On the very brink of the grave, after he had extracted from his hypothesis all the good that there was in it and all the benefit that it could confer, he is helplessly in the dark, and “cannot pretend to throw the least light on such abstruse problems.” When he believed in God, in the Bible, in Christ and in a future life there were no mysteries that disturbed him, but a guess with nothing in the universe to support it swept him away from his moorings and left him in his old age in the midst of mysteries that he thought insoluble. He must content himself with Agnosticism. What can Darwinism ever do to compensate any one for the destruction of faith in God, in His Word, in His Son, and of hope of immortality?
It would seem sufficient to quote Darwin against himself and to cite the confessed effect of the doctrine as a sufficient reason for rejecting it, but the situation is a very serious one and there is other evidence that should be presented.
James H. Leuba, a professor of Psychology in Bryn Mawr College, Pennsylvania, wrote a book five years ago, entitled “Belief in God and Immortality.” It was published by Sherman French & Co., of Boston, and republished by The Open Court Publishing Company of Chicago. Every Christian preacher should procure a copy of this book and it should be in the hands of every Christian layman who is anxious to aid in the defense of the Bible against its enemies. Leuba has discarded belief in a personal God and in personal immortality. He asserts that belief in a personal God and personal immortality is declining in the United States, and he furnishes proof, which, as long as it is unchallenged, seems conclusive. He takes a book containing the names of fifty-five hundred scientists—the names of practically all American scientists of prominence, he affirms—and sends them questions. Upon the answers received he asserts that more than one-half of the prominent scientists of the United States, those teaching Biology, Psychology, Geology and History especially, have discarded belief in a personal God and in personal immortality.

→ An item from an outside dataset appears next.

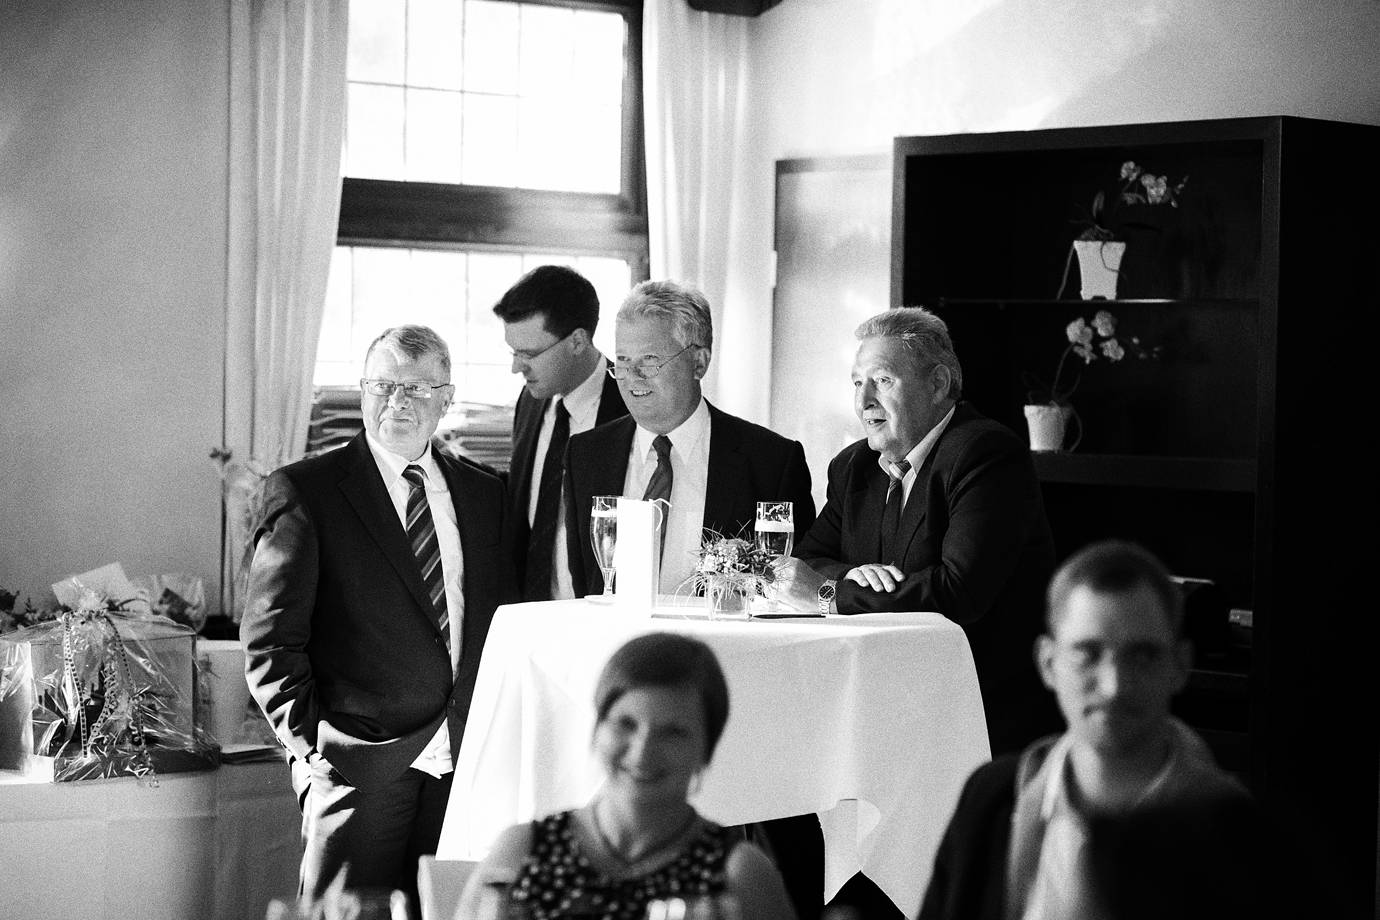 hochzeitsfotograf bremen 121 - Mareike+Lasse
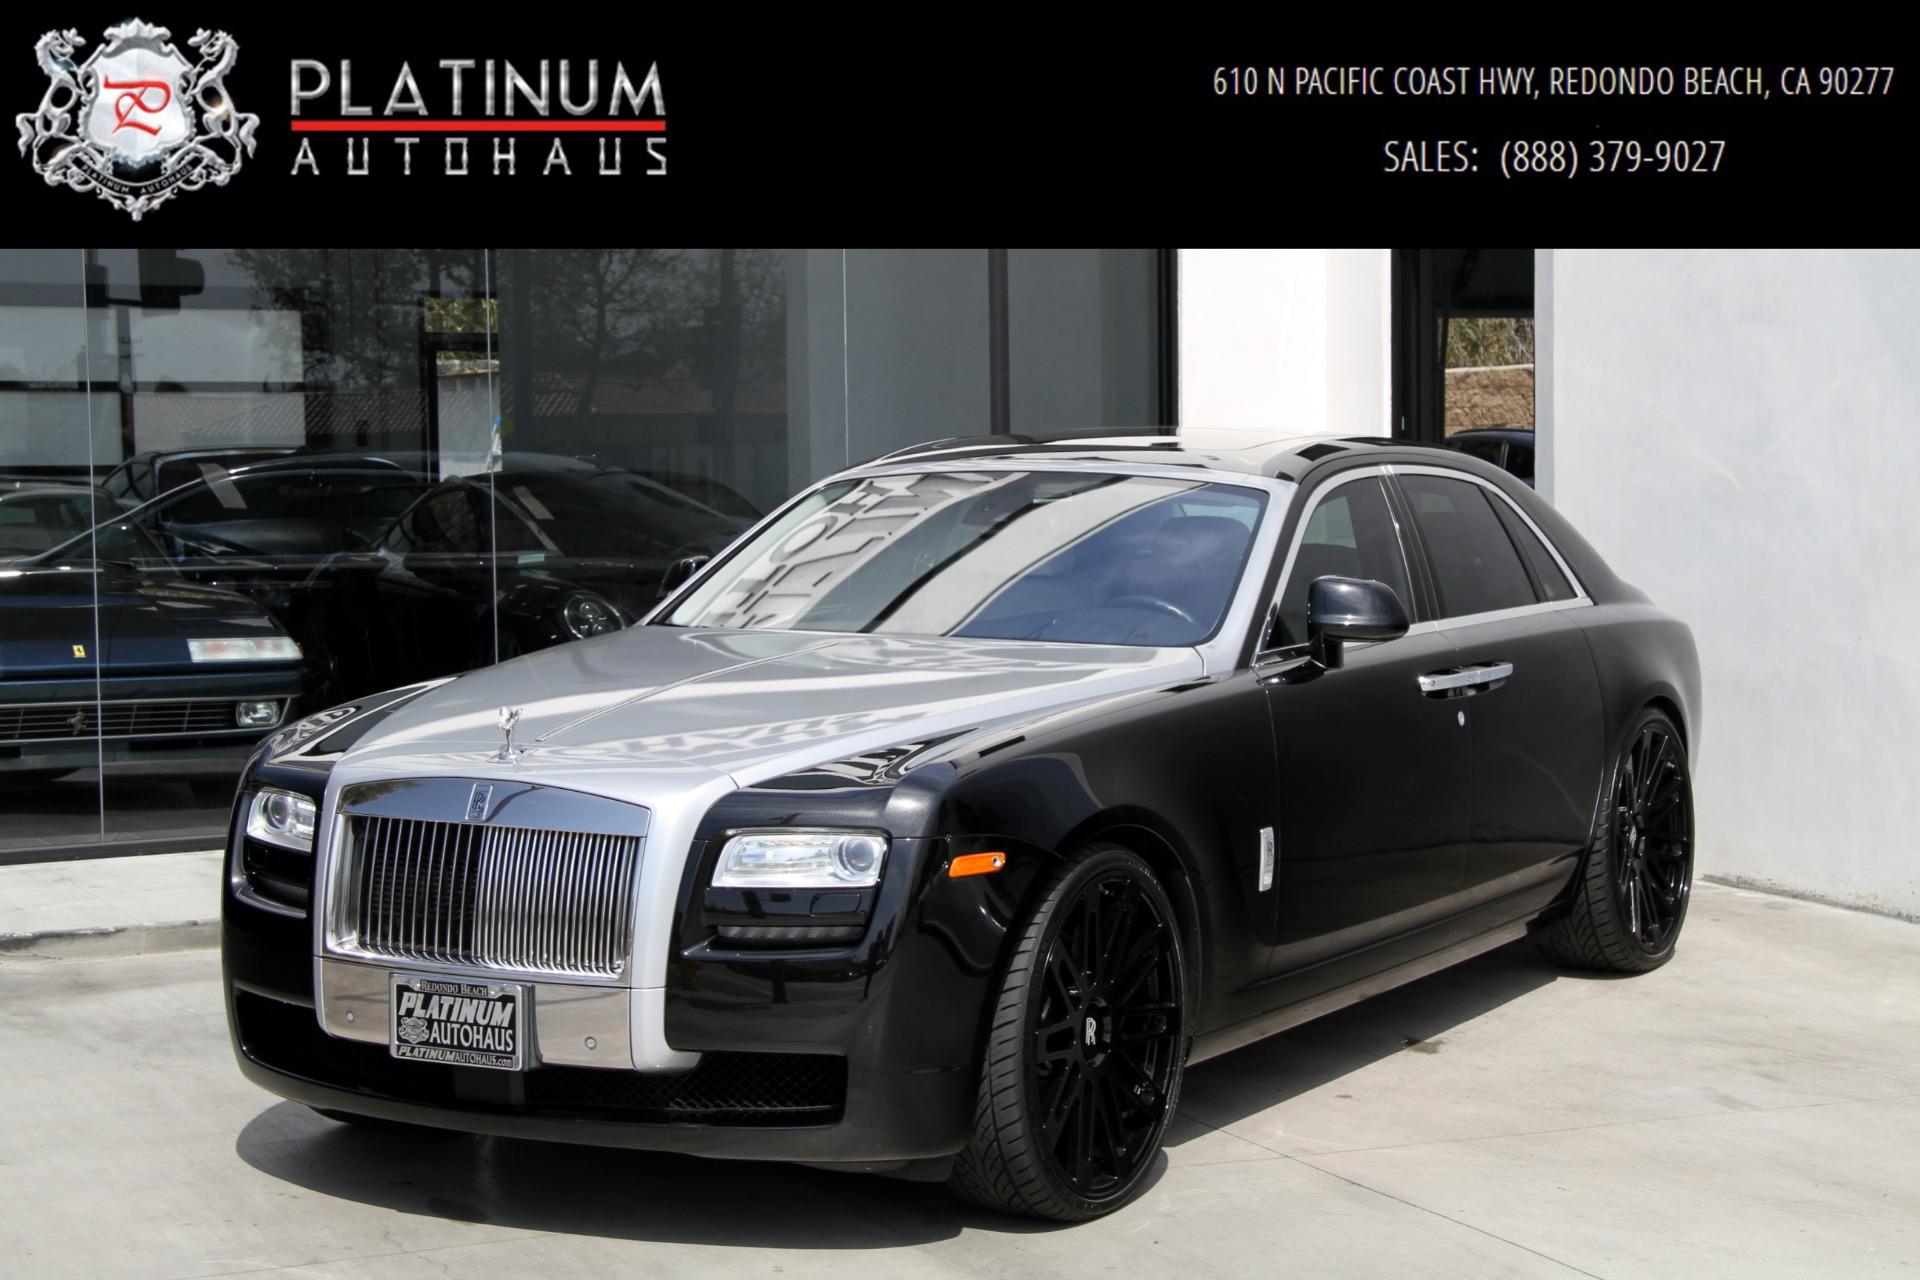 Rolls Royce Dealers >> 2012 Rolls Royce Ghost Stock 6123 For Sale Near Redondo

This is what the doctrine of evolution is doing for those who teach our children. They first discard the Mosaic account of man’s creation, and they do it on the ground that there are no miracles. This in itself constitutes a practical repudiation of the Bible; the miracles of the Old and New Testament cannot be cut out without a mutilation that is equivalent to rejection. They reject the supernatural along with the miracle, and with the supernatural the inspiration of the Bible and the authority that rests upon inspiration. If these believers in evolution are consistent and have the courage to carry their doctrine to its logical conclusion, they reject the virgin birth of Christ and the resurrection. They may still regard Christ as an unusual man, but they will not make much headway in converting people to Christianity, if they declare Jesus to be nothing more than a man and either a deliberate impostor or a deluded enthusiast.